The good oil

Article by Rachel Schutze /
The Geelong Advertiser /
September 3, 2019 /
Original unavailable /

IT’S Sunday night. We have made it through the weekend of kids sport, sport and more sport. We are sitting on the couch, it is cold outside and the children have brought their doonas onto the couch to make it more snuggly.

Survivor is on and the season is heating up. As it seems are the TV ads that accompany it.

In the last little while on our TV screens in between immunity challenges on Survivor, we have been educated about the heat plaguing men’s testicles in what the Bonds underwear company have described as a “mandemic”.

Their new campaign for Bonds X-temp underwear has been heralded as “hilarious”. Michelle Walsh, creative director at Leo Burnett who created the campaign says: “Every bloke gets hot, sweaty balls (so I’m told) but they’ll rarely talk about it, let alone do something about it.

“So, this was a fun, playful way of getting them to consider how they treat their precious cargo and prove to them that the right jocks can make all the difference.” The campaign is controversial. It is based on research that lowering the temperature of men’s testicles is better for men’s testicular health. The images used include giant iron balls searing with heat before being dipped into cooling water, a pair of meatballs being grilled on a barbecue and a glowing pair of meteorites. The imagery tells the story.
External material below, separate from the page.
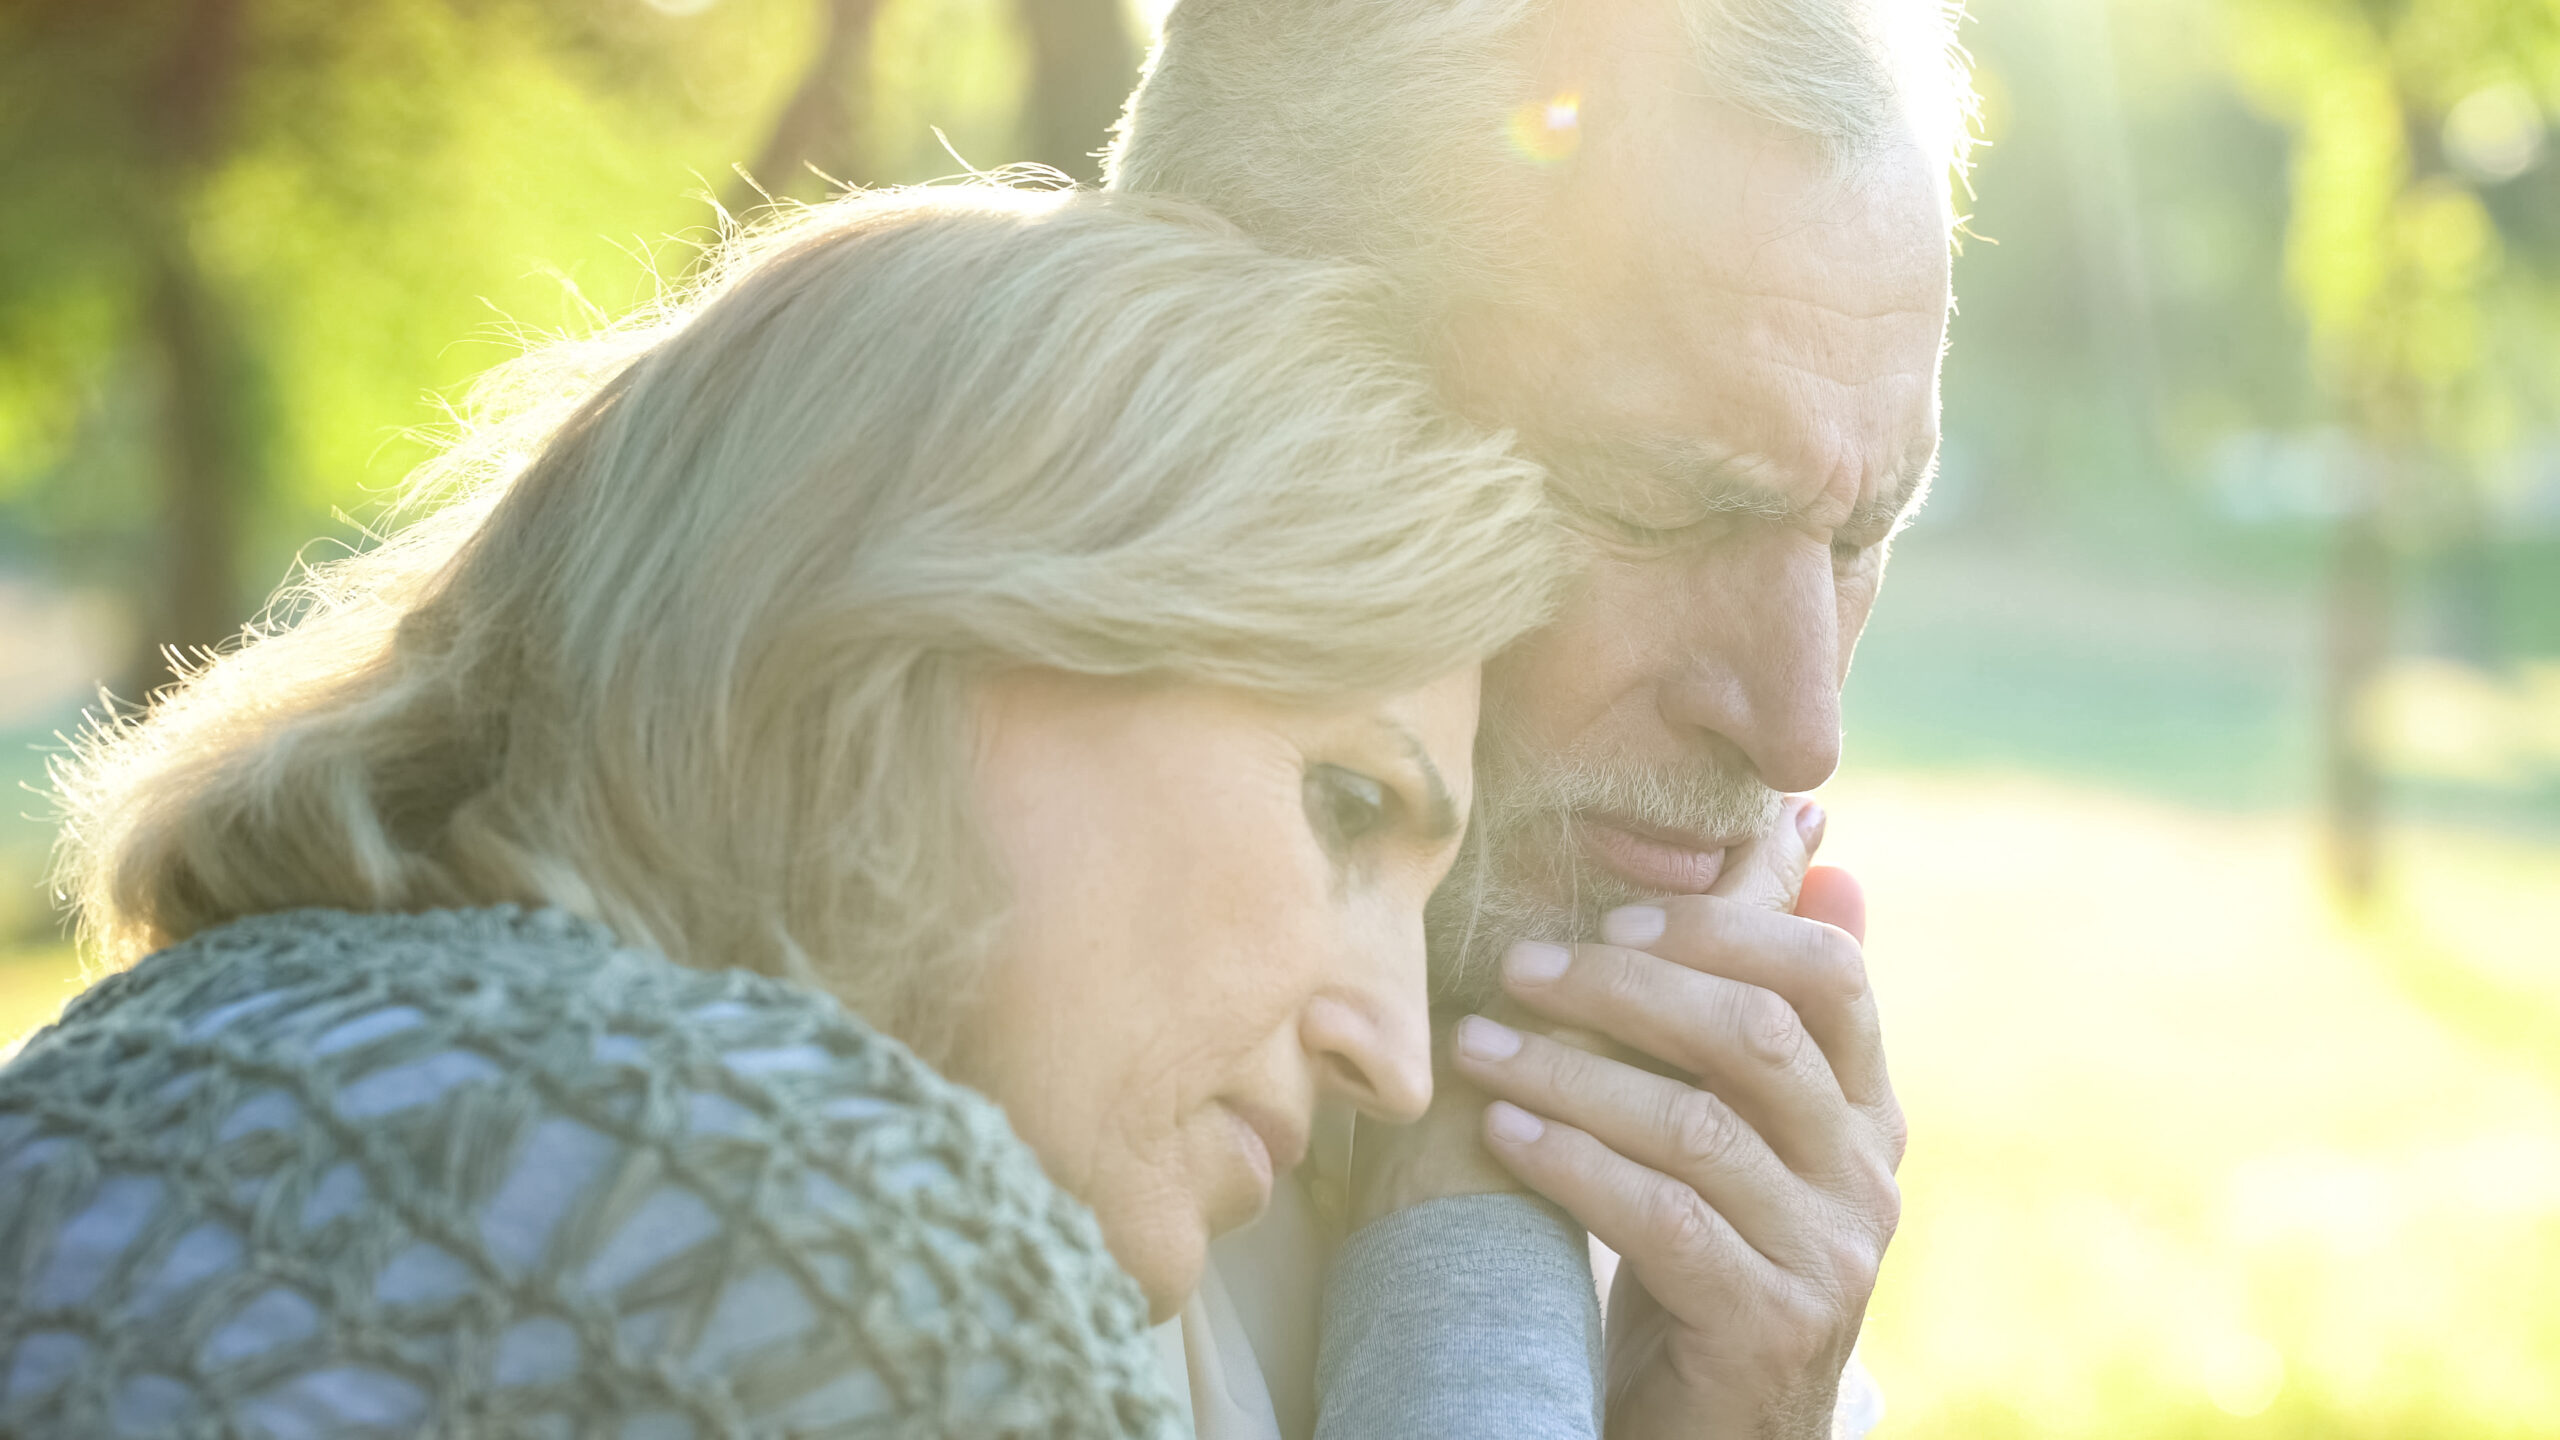 Tips to Create Healthy Goals and Maintain a Positive Outlook While Grieving

Another campaign hit our screens last Sunday night during Survivor. It is the Libra #bloodnormal campaign.

“The #bloodnormal campaign feature the experience of periods and period blood openly and honestly in an attempt to normalise ­periods in mainstream culture” says the Libra spokesperson about the campaign. The campaign tag­line reads: “Periods are normal. Showing them should be too.” Of real interest is some of the statistics that accompany the campaign. Caitlin Patterson, executive general manager of Asaleo Care’s retail business unit, said its research shows that eight of 10 women go to great lengths to hide the fact that they have their period. For girls in high school, she said, “their shame of menstruation is so bad that almost 70 per cent would rather fail a class subject than have their peers know they were on their period”. Wow!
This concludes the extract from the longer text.